Хотя легко рассуждать о том, в какой степени знания о других культурах передавались по неофициальным устным каналам - несомненно, в какой-то степени так оно и было, - самым надежным свидетельством историка является письменная запись. Более того, несмотря на то, что конкретные люди могли узнавать и передавать свои знания в устных беседах, только благодаря публичной сфере печати эти знания могли выйти за пределы ограниченных границ определенных мест и достичь большего числа людей. И только благодаря текстам, напечатанным на языках, понятных простым людям, знания могли выйти за пределы узкого круга привилегированных людей, читающих по-английски, по-русски или по-французски.
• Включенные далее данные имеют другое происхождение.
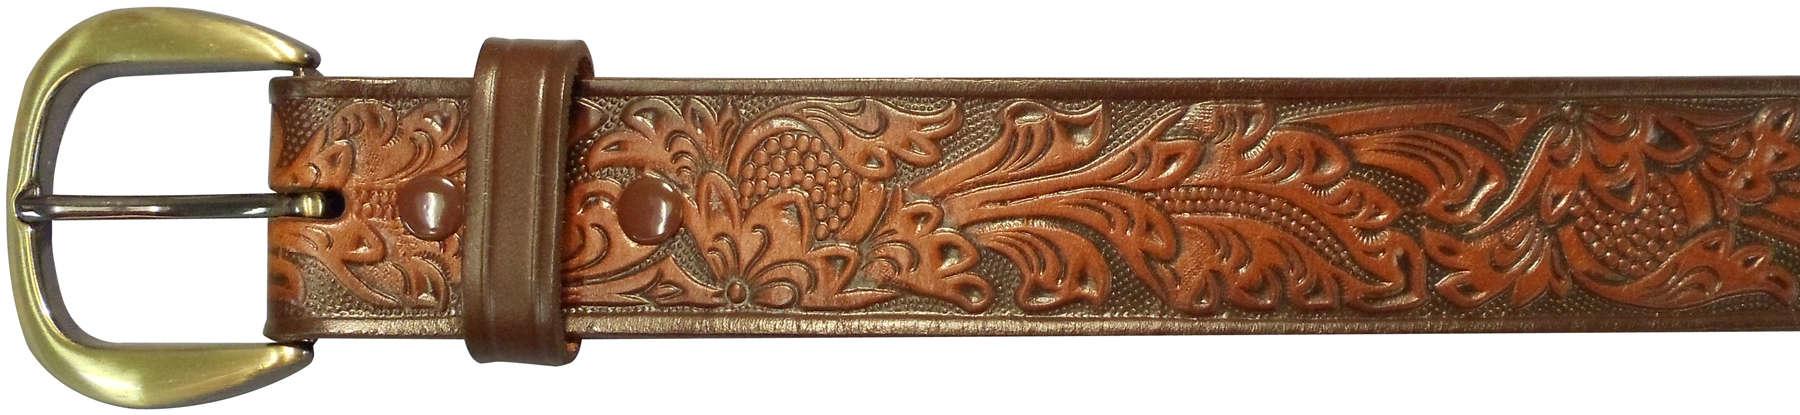 "10610110238 - 38"" Brown Leather Embossed Belt"

Однако даже тогда множество различных языков Азии разделяли знания на отдельные языковые каналы публичной сферы, так что революция в области коммуникаций в Азии не была провозвестником единства, не в последнюю очередь потому, что печать также стала усилителем многих видов полемики.
Все это говорит о том, что нам следует занять позицию эпистемологического скептицизма и признать, как установили ученые-когнитивисты с помощью формальных экспериментов, что люди часто знают о мире меньше, чем они (или мы) предполагают. Такие предположения о знаниях так же часто делаются в отношении прошлого, когда мы анахронично проецируем более поздние знания на более ранние времена или проецируем то, что было известно одной социальной группе или в одном регионе, на других людей и места. Особенно часто это происходит, когда мы слишком доверяем ошибочным масштабным парадигмам, таким как "Азия", азиатизм и "Шелковый путь" (или, если уж на то пошло, "Восток и Запад" или "Восток"). Как мы видели, пристальное внимание к свидетельствам - свидетельствам не только о том, кто и что знал, но и о том, как их знания распространялись среди конкретных языковых сообществ читателей, - показывает, что межазиатское понимание приходилось собирать из источников разной степени надежности, начиная от прямых сообщений очевидцев-путешественников, не знавших местных языков, и заканчивая викарными европейскими рассказами с множеством собственных недостатков. В общем, люди из разных частей карты, обозначенных как "Азия", зачастую знали о культуре друг друга меньше, чем считалось долгое время.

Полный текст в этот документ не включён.